Seedance 2.0 Reference Input Guide
Use 1 to 3 reference images more effectively in Seedance 2.0 to lock identity, product geometry, and scene consistency.
Reference-to-video is not just “image-to-video with more files.” It is the mode you use when stability is the assignment.
In the current Seedance 2.0 workflow, the reference path is built around one to three reference images. That is enough for most use cases, as long as each image has a clear role.
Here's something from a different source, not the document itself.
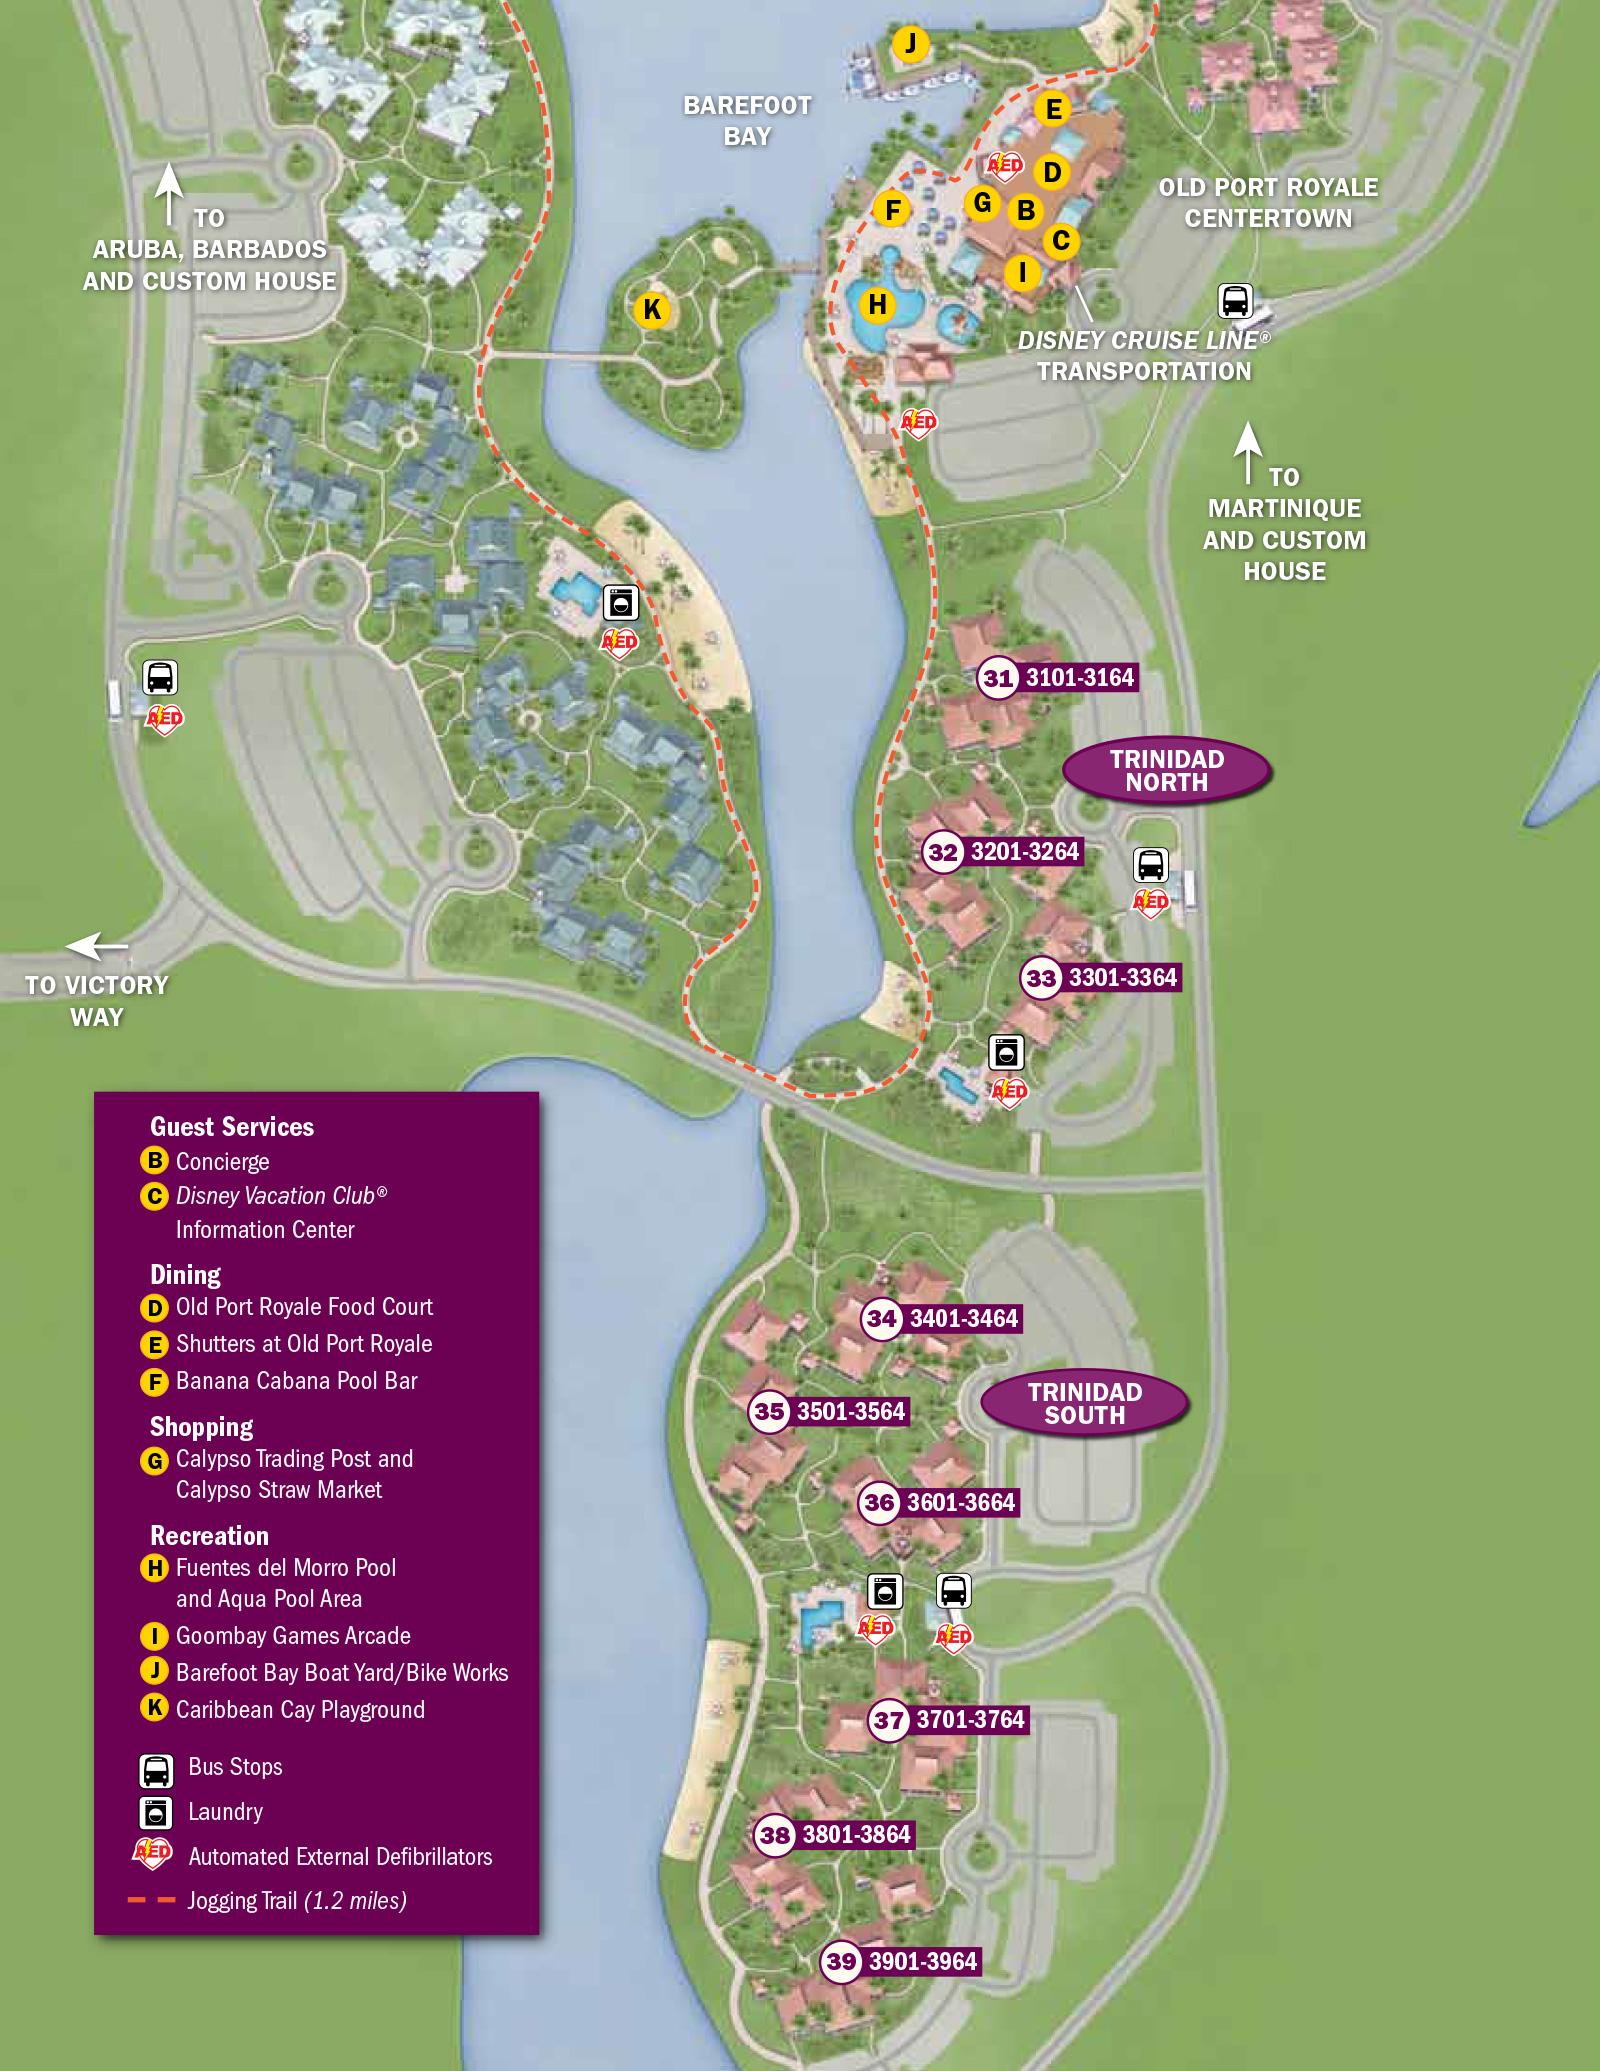 2013 Caribbean Beach Resort guide map  Photo 6 of 6

When to choose reference-to-video
Use reference-to-video when your biggest risk is drift:
- face identity changes
- the product changes shape
- hands break during interaction
- wardrobe or props mutate
- the scene loses continuity across retries
If you only need to animate a still image, image-to-video is simpler. Use reference-to-video when continuity matters more than simplicity.
Give each reference a job
The cleanest reference workflows usually assign roles like this:
| Reference | Best role |
|---|---|
| Image 1 | main identity or hero object |
| Image 2 | supporting angle, outfit, or product detail |
| Image 3 | optional color, environment, or secondary continuity cue |
Do not upload three images that all fight each other on pose, lighting, and styling. More references only help when they are aligned.
What makes a strong reference set
Your references should agree on the things you want preserved:
- same person or same product
- compatible lighting logic
- compatible styling
- similar quality level
Your references should not disagree on:
- age or face shape
- product proportions
- costume color
- camera distance
Conflicting references make the model average them, which is where drift starts.
The best prompt structure for reference mode
In reference mode, the order changes slightly:
- state the stability rule
- define the action
- define one camera move
- define style
- define constraints
Example:
@Image1 creator identity remains consistent, holds the skincare bottle near the face, subtle push-in, soft daylight beauty review setup, no face drift no finger artifacts no bottle shape changeThe key difference is that consistency comes before atmosphere.
When reference mode is the better answer
Reference-to-video is usually the better choice when:
- a creator must remain recognizable
- a product demo depends on accurate shape
- hands are touching the hero object
- multiple retries need to stay on-brand
- you are building a sequence from several short clips
This is especially relevant for:
- UGC ads
- beauty demos
- packaging shots
- fashion accessories
- creator explainers
Common reference mistakes
Using references to solve a prompt problem
If the scene is vague, references will not save it. You still need:
- one clear action
- one camera instruction
- one stable visual hierarchy
Using too many visual ideas in one shot
Reference mode is for protecting continuity, not for asking the model to do everything at once. Keep the shot narrow:
- one action
- one hero subject
- one focal intention
Forgetting to protect hands
If hands are on screen, say so in the negative prompt. Hand stability does not improve just because references exist.
A simple reference workflow
For creators
- Image 1: clear face and upper-body anchor
- Image 2: product hold or outfit support
- Prompt: one speaking or holding action only
For products
- Image 1: clean hero packshot
- Image 2: alternate angle or material detail
- Prompt: one reveal or one hold, not a full mini-commercial
For characters
- Image 1: identity anchor
- Image 2: costume or silhouette support
- Image 3: optional environment palette if it does not conflict
Failure modes and fixes
| Problem | Likely cause | First fix |
|---|---|---|
| Face changes across frames | references conflict or action is too big | reduce pose change and use one clearer anchor |
| Product shape drifts | too much camera motion | simplify the move and name geometry preservation |
| Hands still break | the hand action is too expressive | use a simpler gesture and strengthen hand constraints |
| Output looks stiff | continuity rules are too dominant | keep the lock rule, then add one subtle motion layer |
When to switch back out of reference mode
If you notice that the output is stable but too stiff, that may mean the problem is no longer continuity. At that point:
- switch to image-to-video if the first frame matters most
- switch to text-to-video if you want broader creative exploration
Reference mode is strongest when protecting identity is the main objective.